|
|
| |
Text::Shellwords::Cursor(3) |
User Contributed Perl Documentation |
Text::Shellwords::Cursor(3) |
Text::Shellwords::Cursor - Parse a string into tokens
use Text::Shellwords::Cursor;
my $parser = Text::Shellwords::Cursor->new();
my $str = 'ab cdef "ghi" j"k\"l "';
my ($tok1) = $parser->parse_line($str);
$tok1 = ['ab', 'cdef', 'ghi', 'j', 'k"l ']

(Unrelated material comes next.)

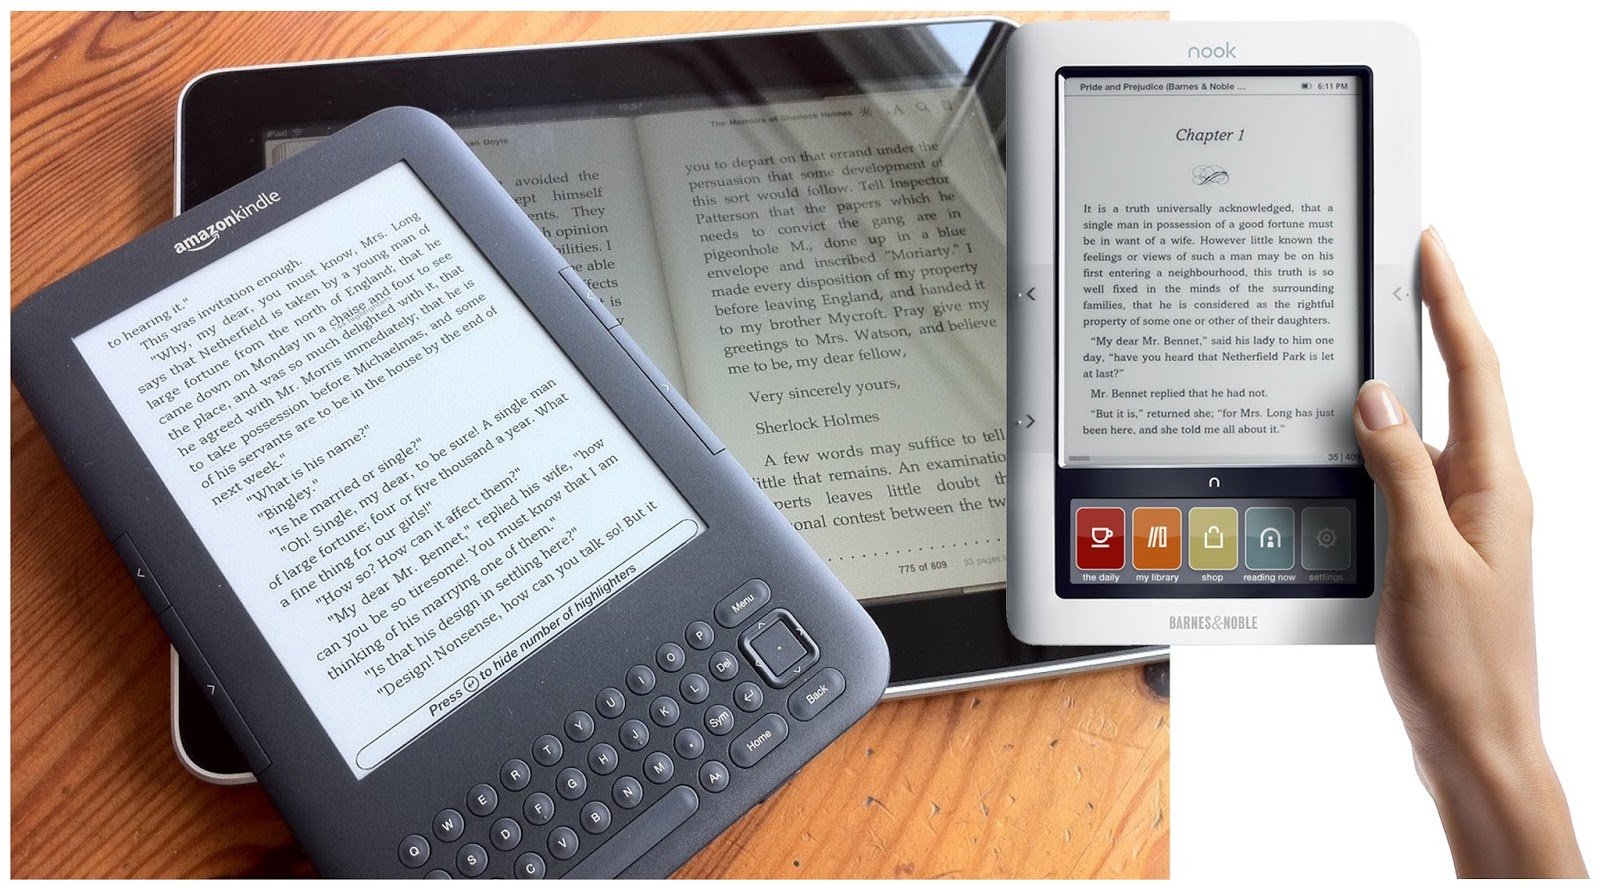 Tips for organizing and managing an e-book

my ($tok2, $tokno, $tokoff) = $parser->parse_line($str, cursorpos => 6);
as above, but $tokno=1, $tokoff=3 (under the 'f')
DESCRIPTION
This module is very similar to Text::Shellwords and
Text::ParseWords. However, it has one very significant difference: it keeps
track of a character position in the line it's parsing. For instance, if you
pass it ("zq fmgb", cursorpos=>6), it would return (['zq',
'fmgb'], 1, 3). The cursorpos parameter tells where in the input string the
cursor resides (just before the 'b'), and the result tells you that the
cursor was on token 1 ('fmgb'), character 3 ('b'). This is very useful when
computing command-line completions involving quoting, escaping, and
tokenizing characters (like '(' or '=').
A few helper utilities are included as well. You can escape a
string to ensure that parsing it will produce the original string
(parse_escape). You can also reassemble the tokens with a visually pleasing
amount of whitespace between them (join_line).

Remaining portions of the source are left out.